Description of the task

Subtasks

Dataset

Examples

Evaluation measures and baseline

Description of the task

PROFE 2026 reuses the exams for Spanish proficiency evaluation developed by Instituto Cervantes along many years to evaluate human students. Therefore, automatic systems will be evaluated under the same conditions as humans were. Systems will receive a set of exercises with their corresponding instructions without specific training material. In this way we expect Transfer Learning approaches or the use of Generative Large Language Models.

The previous edition proposed exams based only on text. In this new edition, we will include exams with images, which sometimes require interpretation to answer the exercise correctly. We propose evaluating systems on their ability to perform multimodal reasoning, moving beyond text-only comprehension.

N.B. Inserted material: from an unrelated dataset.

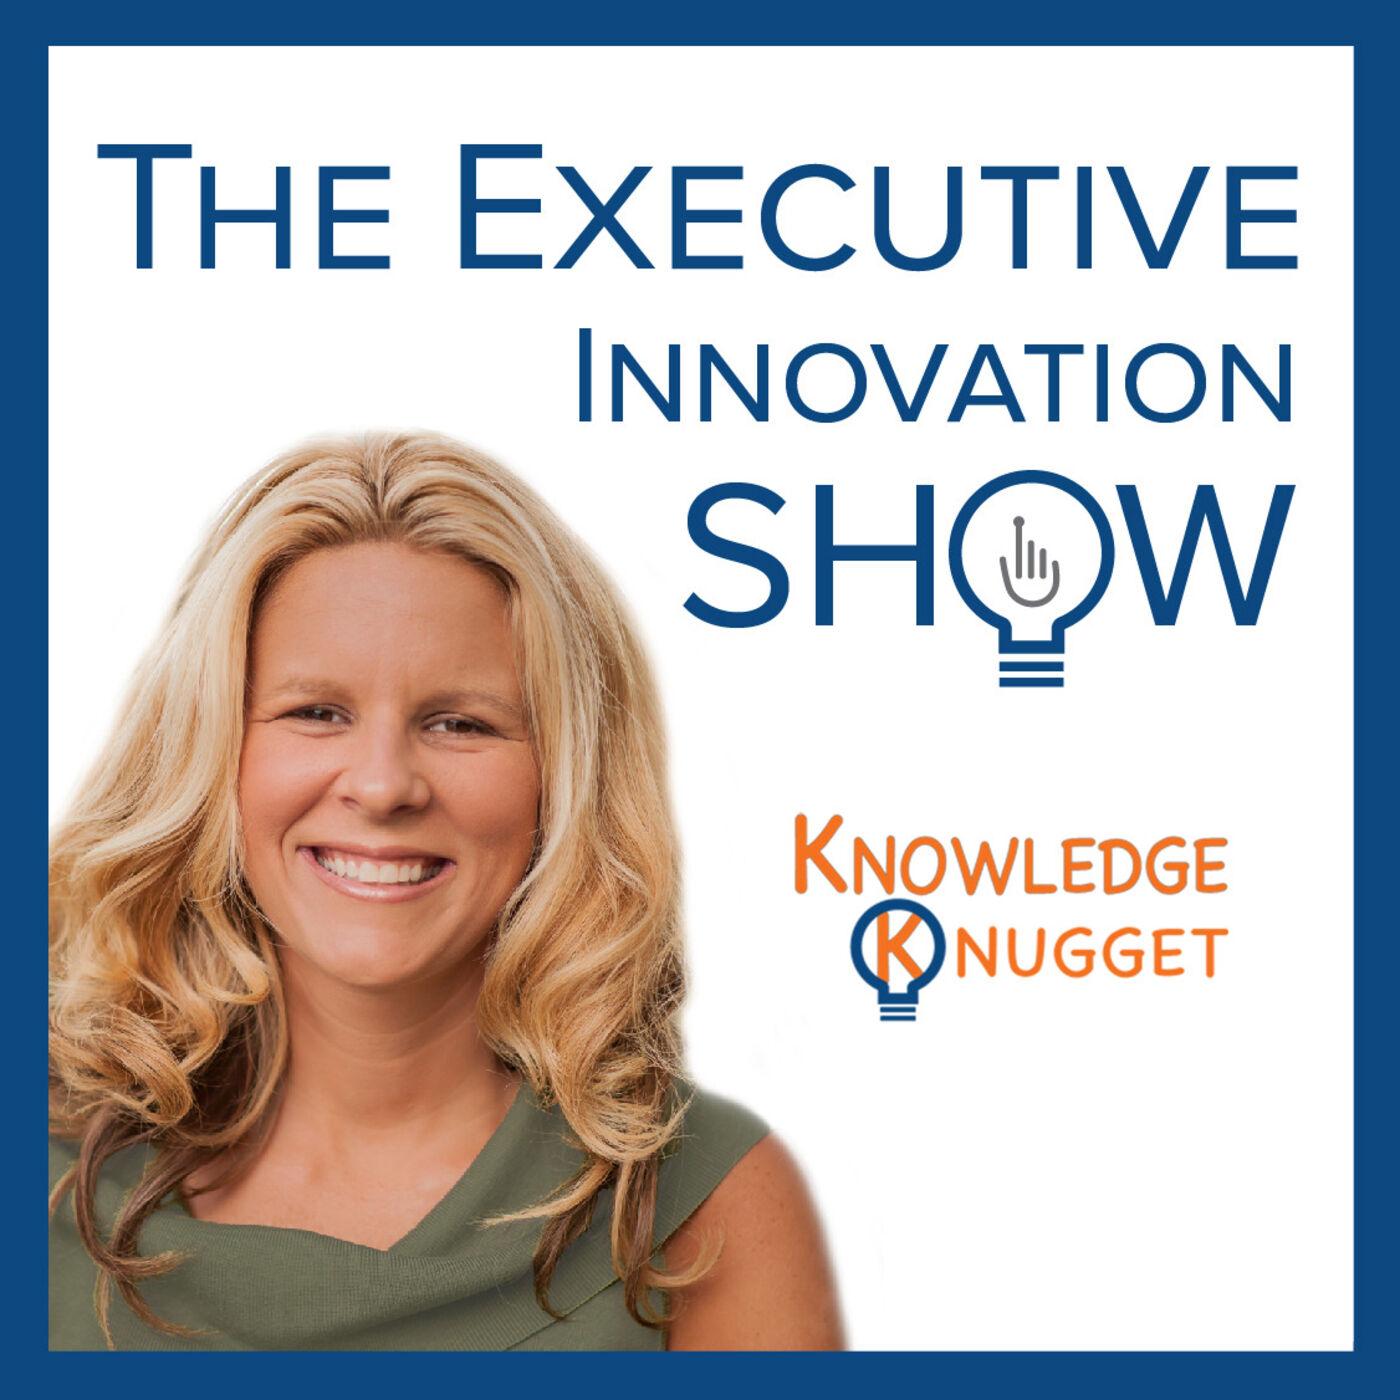 Knowledge Knugget: HIPAA Waiver, Telehealth Waiver: What's Next

We will provide a limited set of new image-based exercises while retaining the dataset from the previous edition. This setup encourages participants to develop strategies for handling the scarcity of specific training data.

Subtasks

PROFE 2026 has three subtasks, one per exercise type. Teams can participate in any combination of them. Each subtask contains several exercises of the same type. The subtasks are:

Multiple choice subtask: each exercise includes a text and a set of multiple-choice questions about the text where only one answer is correct. Given a multiple-choice question, systems must select the correct answer among the candidates.
Matching subtask: each exercise contains two sets of texts. Systems must find the text in the second set that best matches the first set. There is only one possible matching per text, but the first set can contain extra unnecessary texts.
Filling the gap subtask: each exercise contains a text with several gaps corresponding to textual fragments that have been removed and presented disorderly as options. Systems must determine the correct position for each fragment. There is only one correct text per gap, but there could be more candidates than gaps.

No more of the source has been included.